### [EXERCISE INSTRUCTIONS]
Once the line with "Portrait of giant" is found in the entries below, print it and each following line exactly, stopping after the line with "Blue Tente by Mountain Side"; print nothing else.

### [RECORDS SHOWN]
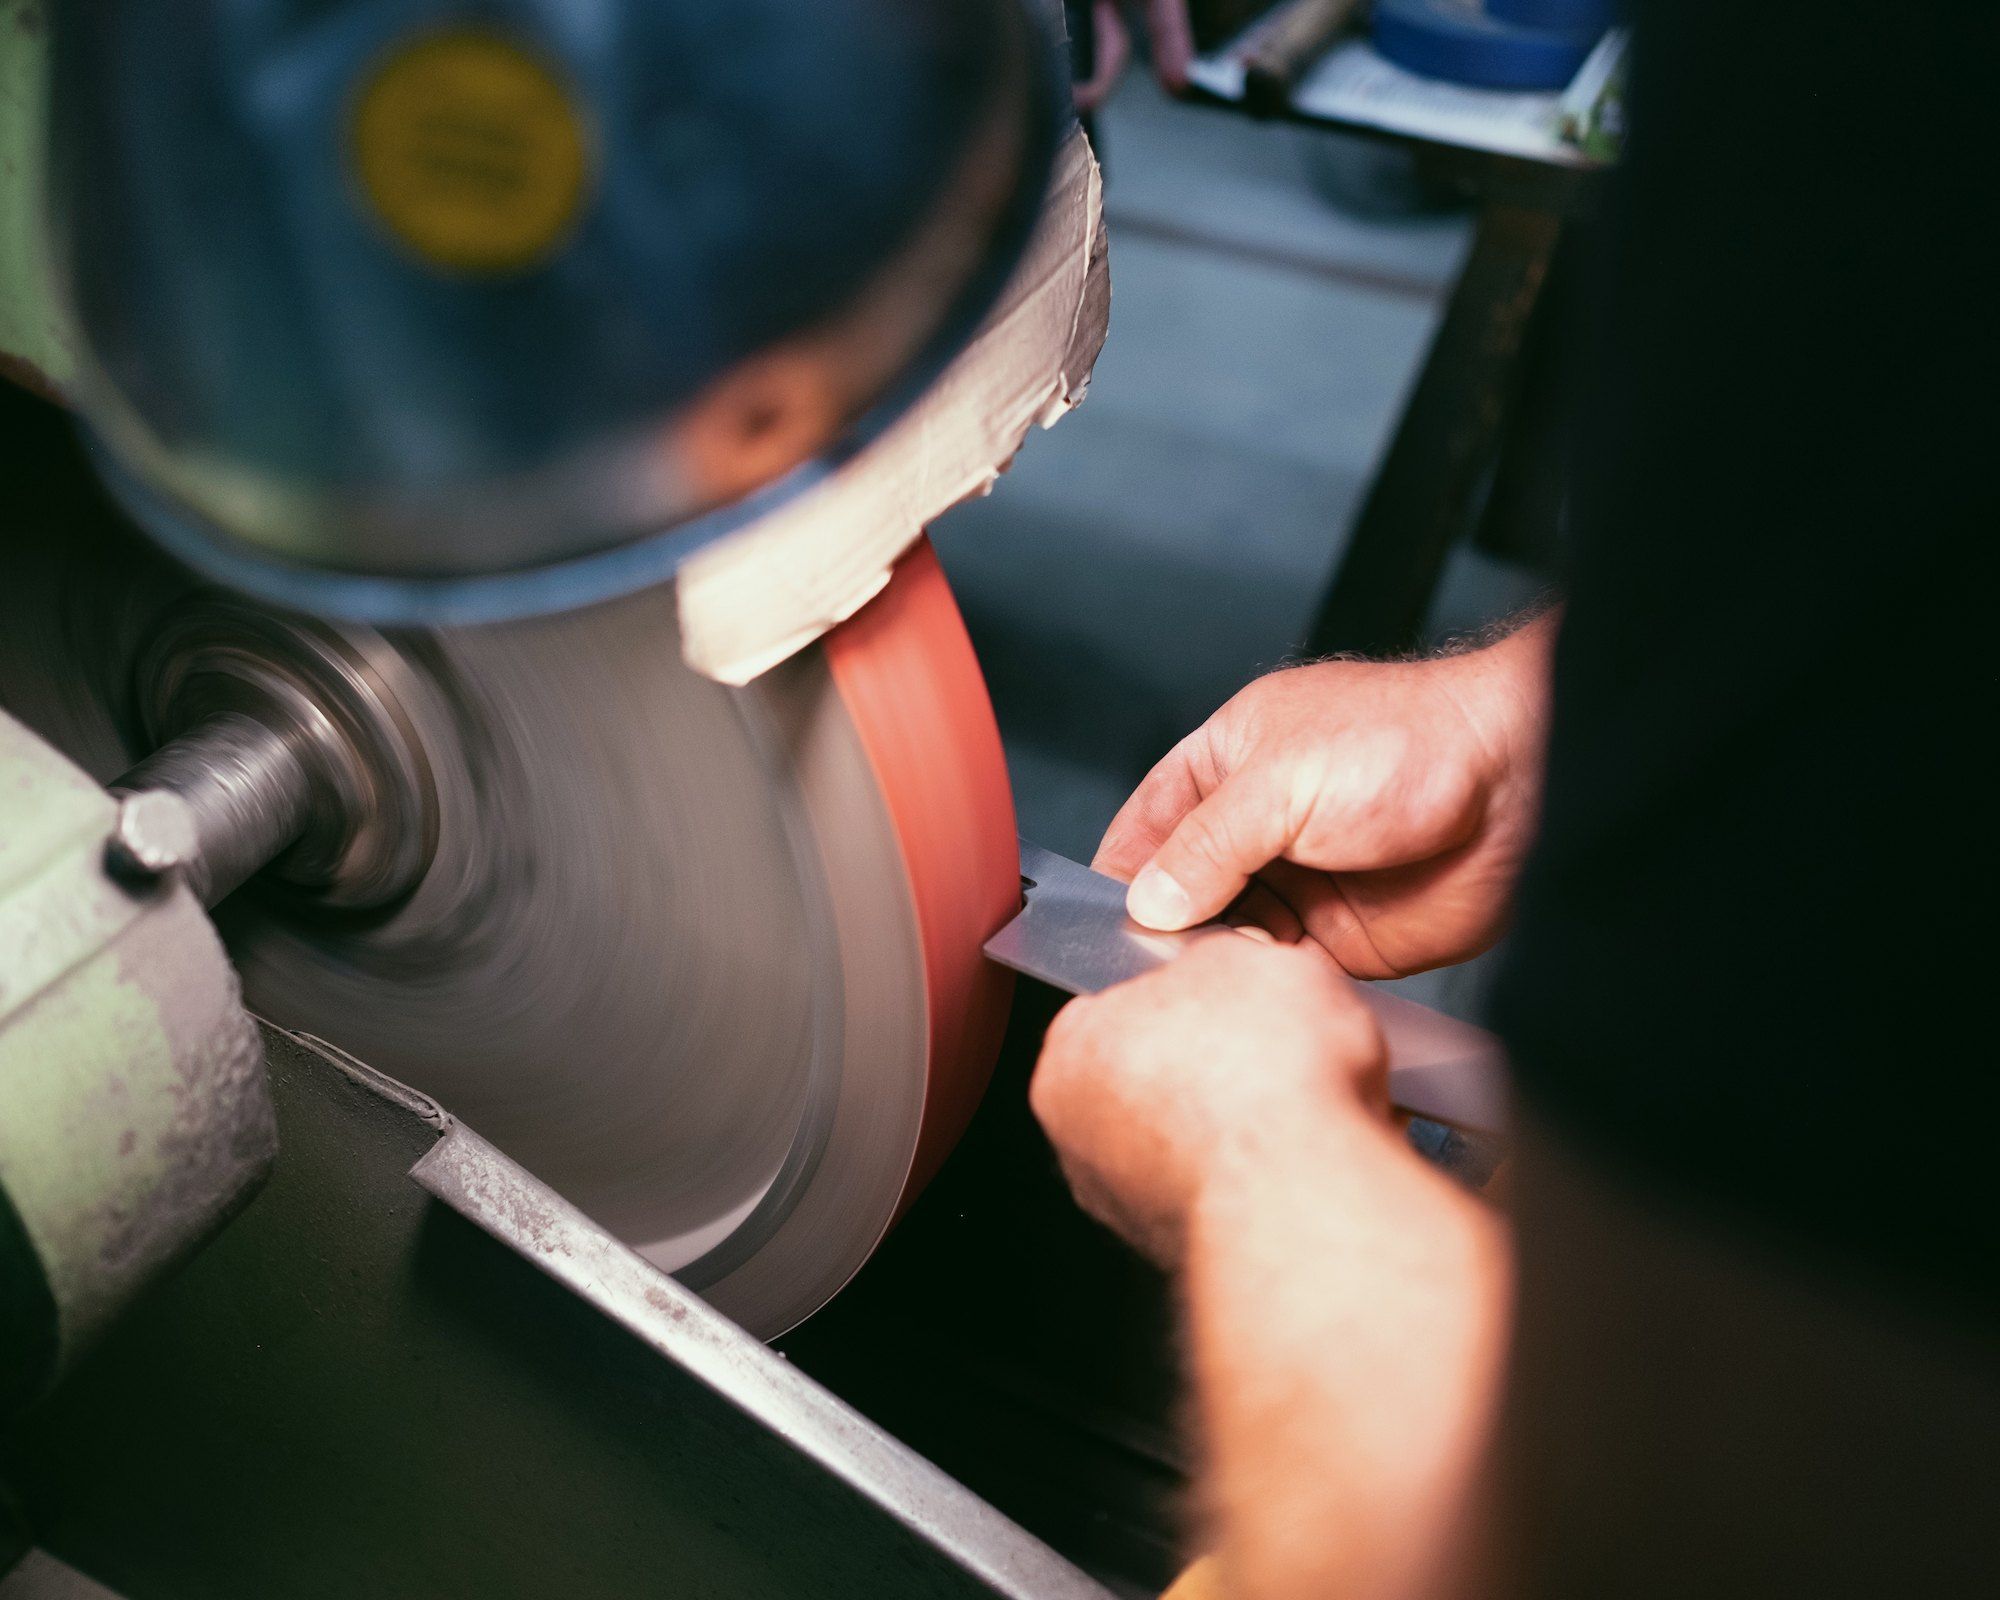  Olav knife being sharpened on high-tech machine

...

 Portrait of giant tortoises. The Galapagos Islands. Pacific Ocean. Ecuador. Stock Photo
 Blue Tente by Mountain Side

--

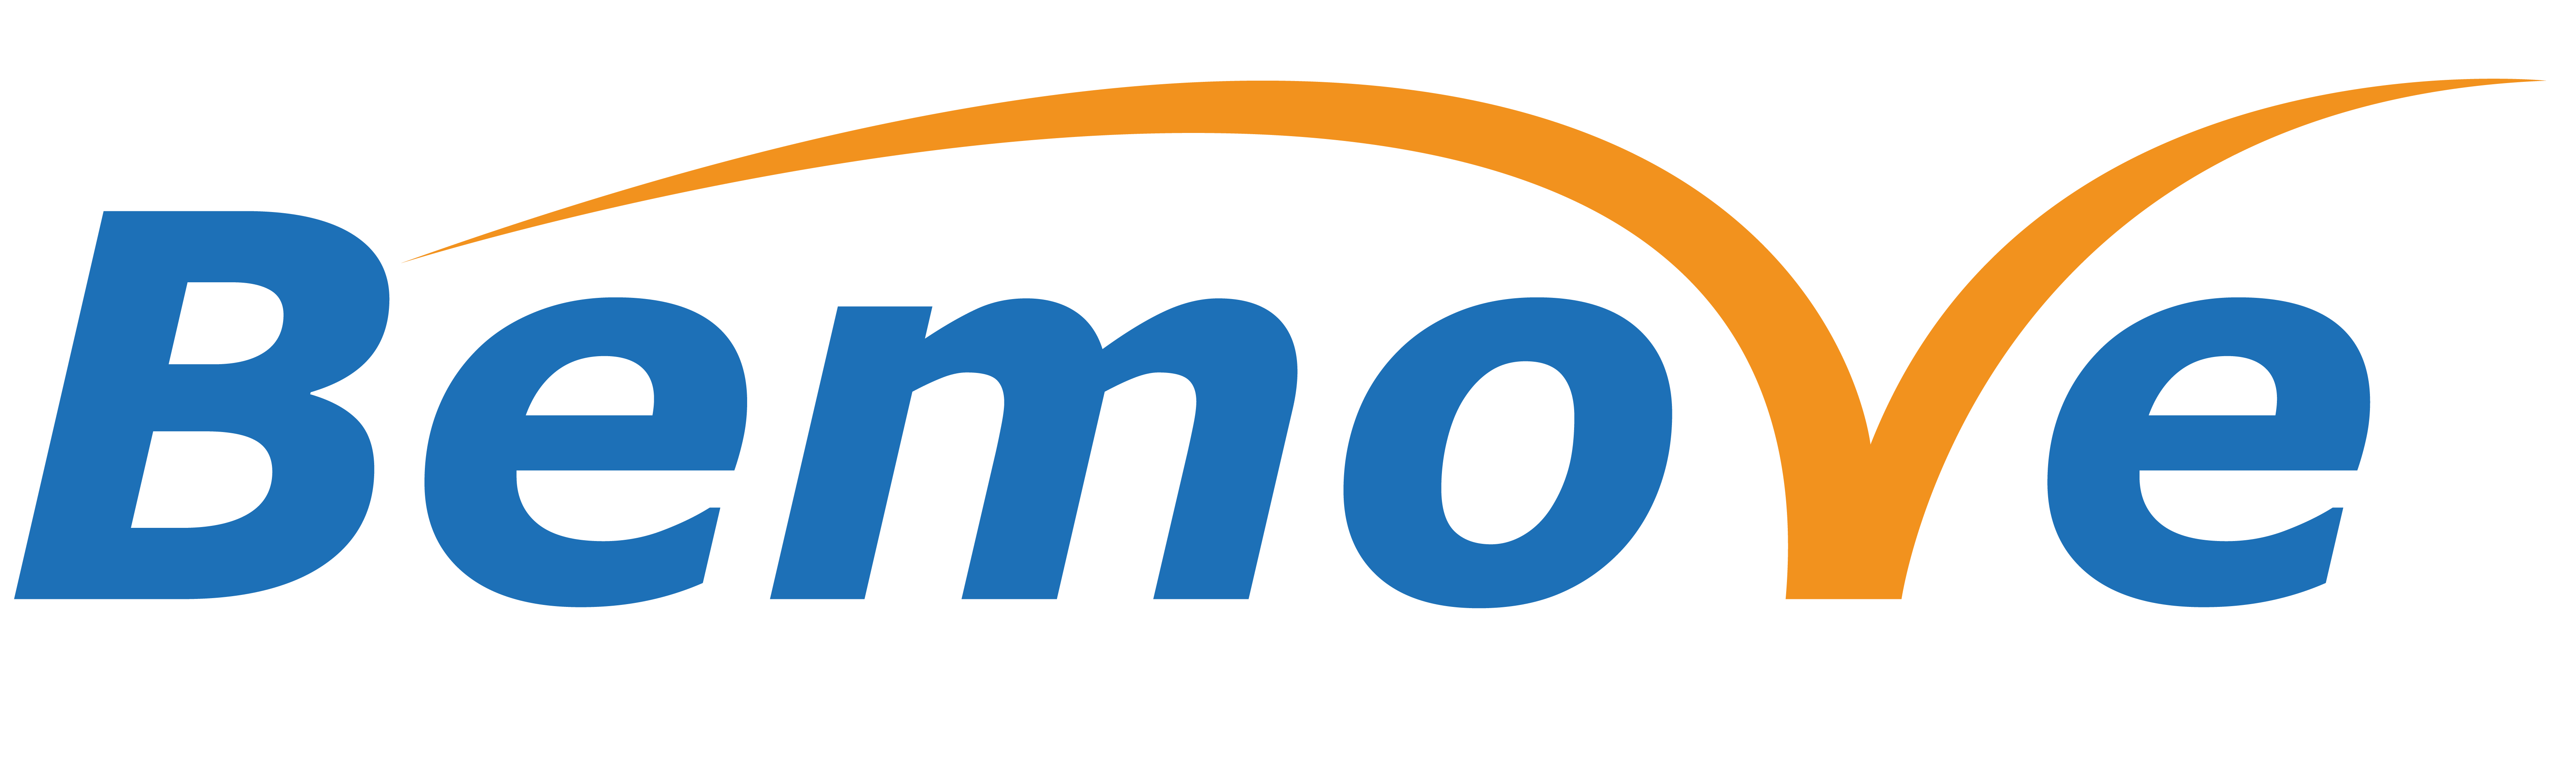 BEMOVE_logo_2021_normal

### [TASK RESPONSE]
 Portrait of giant tortoises. The Galapagos Islands. Pacific Ocean. Ecuador. Stock Photo
 Blue Tente by Mountain Side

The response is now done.